I am trying to find the solution to the following equation, $\epsilon x^3 -x^2 +x-\epsilon^{\frac{1}{2}}=0$, for the first two non-zero solutions as $\epsilon \to 0^+$.
I have used the principal of dominant balance (by a Kruskal Newton Graph) to find that my ansatz should be of the form $x(\epsilon)=\dfrac{z(\epsilon)}{\epsilon^\alpha}$ where $\alpha=0,\dfrac{1}{2},1$.
Now if we substitute these into our equation we get, for each $\alpha$:
$\alpha=0 : \ \epsilon x^3 -x^2 +x-\epsilon^{\frac{1}{2}}=0 $ - noting $x=z$;
$\alpha=\dfrac{1}{2}: z\epsilon^{\frac{1}{2}}-z^2+z\epsilon^\frac{1}{2}-\epsilon^\frac{3}{2}$;
$\alpha=1: \ z^3-z^2+z\epsilon-\epsilon^\frac{1}{2}$.
Now it is clear that if we perturb our equations in the form $z(\epsilon)=z_0+\epsilon z_1 +...$ then we have, for $\alpha=0 \ \& \ 1$, an $\epsilon^\frac{1}{2}$ term which can only be equated to zero.

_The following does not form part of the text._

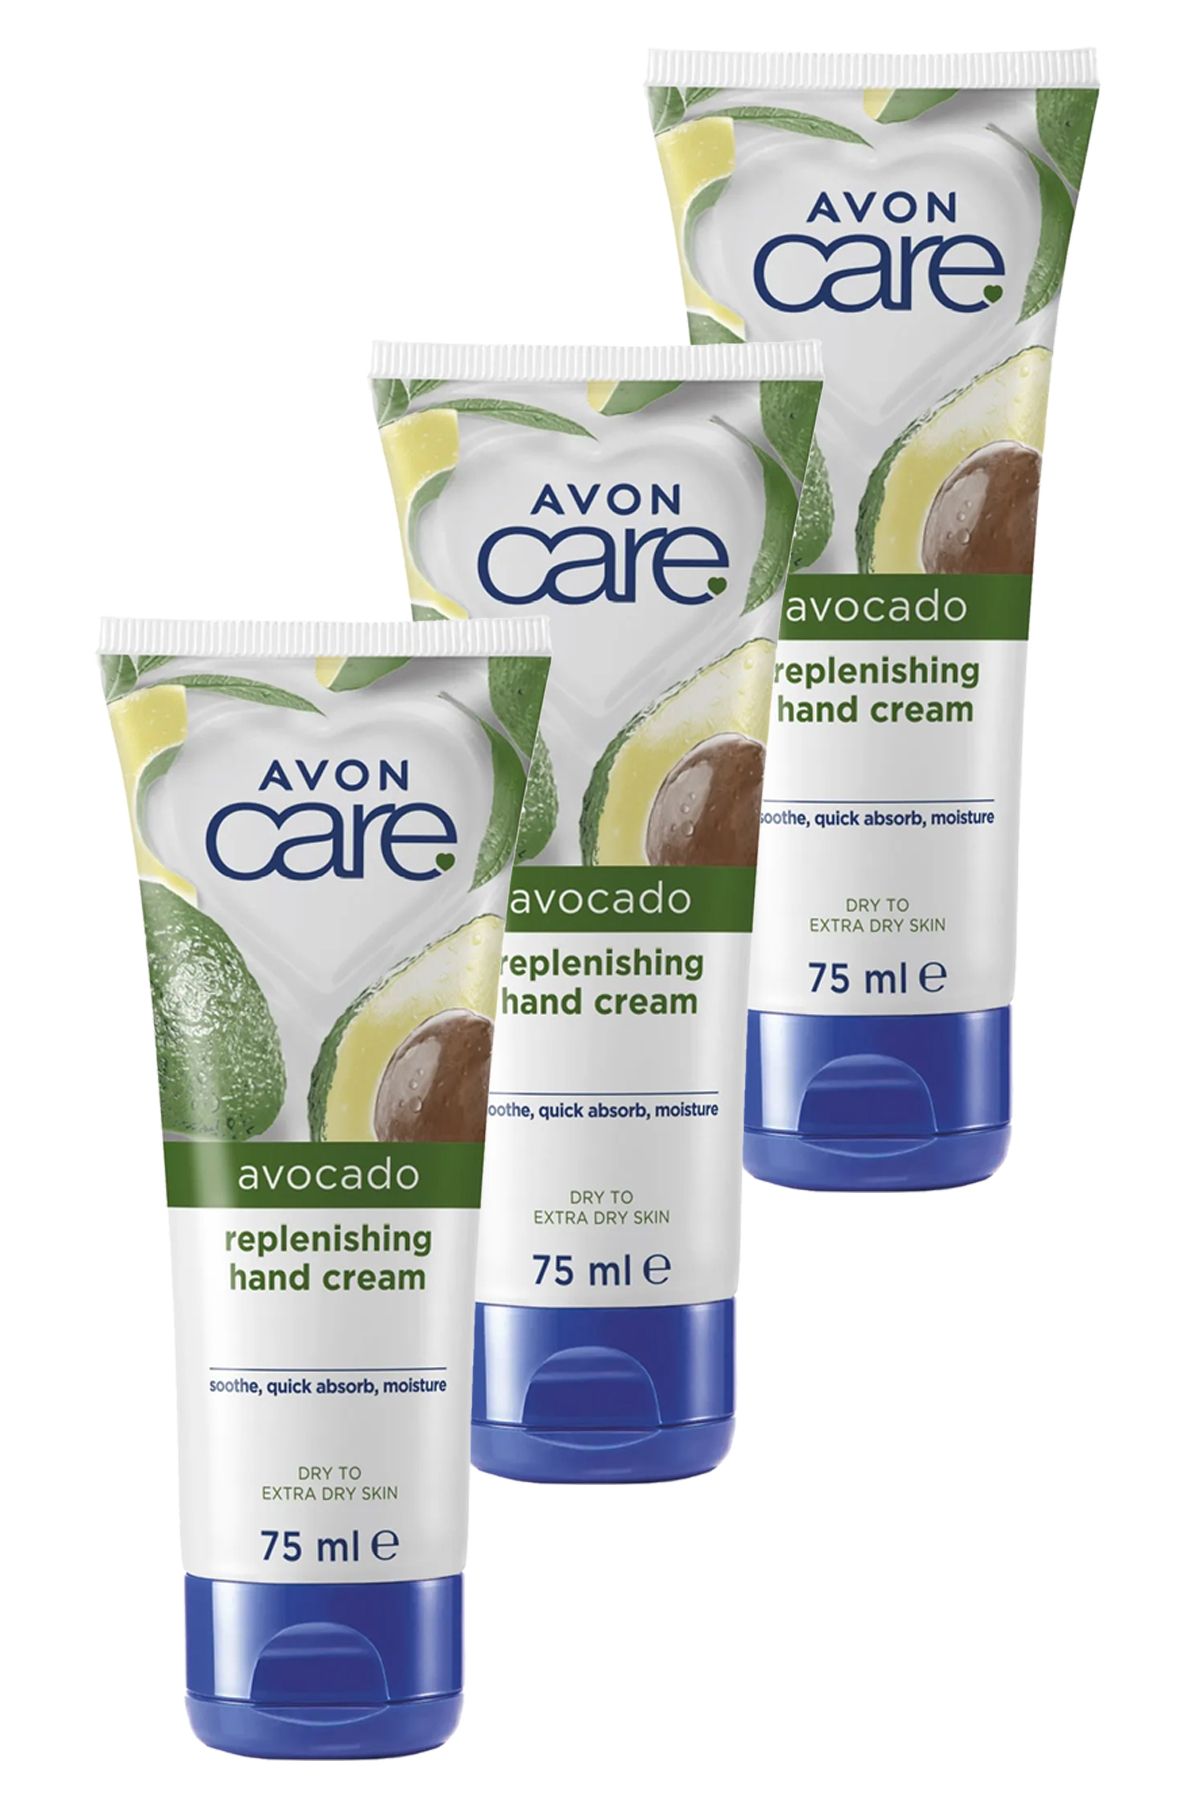 Avon Care Kuru Ciltler İçin Avokado Özlü El Krem 75 Ml. Üçlü Set

Does this mean that we do not have a valid solution for these choices of $\alpha$?
Whereas, if we consider $\alpha=\dfrac{1}{2}$ then we have an equation of the form: $(z_0+\epsilon z_1)^3\epsilon^\frac{1}{2} -(z_0+\epsilon z_1)^2 +(z_0+\epsilon z_1)\epsilon^\frac{1}{2}-\epsilon^\frac{3}{2}=0$ whose coefficients can all be equated, thus valid solutions.
As a result is the only case where we can find solutions at $\alpha=\dfrac{1}{2}$?
Your original equation is $$\epsilon x^3 -x^2 +x-\epsilon^{\frac{1}{2}}=0. \tag1$$ To simplify a bit we define $\, \delta := \sqrt{\epsilon}.\,$ The equation now becomes $$ \delta^2 x^3 - x^2 + x - \delta = 0. \tag2$$
For any $\, \delta \ne 0, \,$ there are three rots of the cubic. If we try a small value for $\, \delta, \,$ such as $\, \delta = 0.01, \,$ the three roots are easily determined to be approximately $$ x_1 \approx \delta + \delta^2, \quad x_2 \approx 1 - \delta, \quad x_3 \approx \delta^{-2} - 1. \tag3$$
It is now easy to find further terms of the Puiseux series expansions. Note that for any $\, \epsilon>0, \,$ there are two values for its square root $\, \delta,\,$ and this gives six roots of equation $\,(1)\,$ since its roots in terms of $\, \delta \,$ are different if we take the negative square root.
You may be interested in ways to increase precision of approximations to the roots. For example, for the root $\,x_1,\,$ the function $\, f_1(t) := \delta + t^2 - \delta^2t^3 \,$ has $\,x_1\,$ as a fixed point. Using iteration we get the sequence of approximations to $\,x_1\,$ as follows: $$ \delta + O(\delta^2) \, \mapsto \, \delta + \delta^2 + O(\delta^3) \, \mapsto \, \delta + \delta^2 + 2\delta^3 + O(\delta^4) \, \dots. $$
Similarly, for the root $\,x_2,\,$ the function $\, f_2(t) := (1+\sqrt{1 - 4\delta + 4\delta^2 t^3})/2 \,$ has $\,x_2\,$ as a fixed point. Using iteration we get the sequence of approximations to $\,x_2\,$ as follows: $$ 1 + O(\delta) \, \mapsto \, 1 - \delta + O(\delta^3) \, \mapsto \, 1 - \delta - 3 \delta^3 - 3\delta^4 + O(\delta^5) \, \dots.$$
The remaining root $\, x_3 = \delta^{-2} - x_1 - x_2 = \delta^{-2} - 1 - \delta^2 + \delta^3 - 2\delta^4 + O(\delta^5). \,$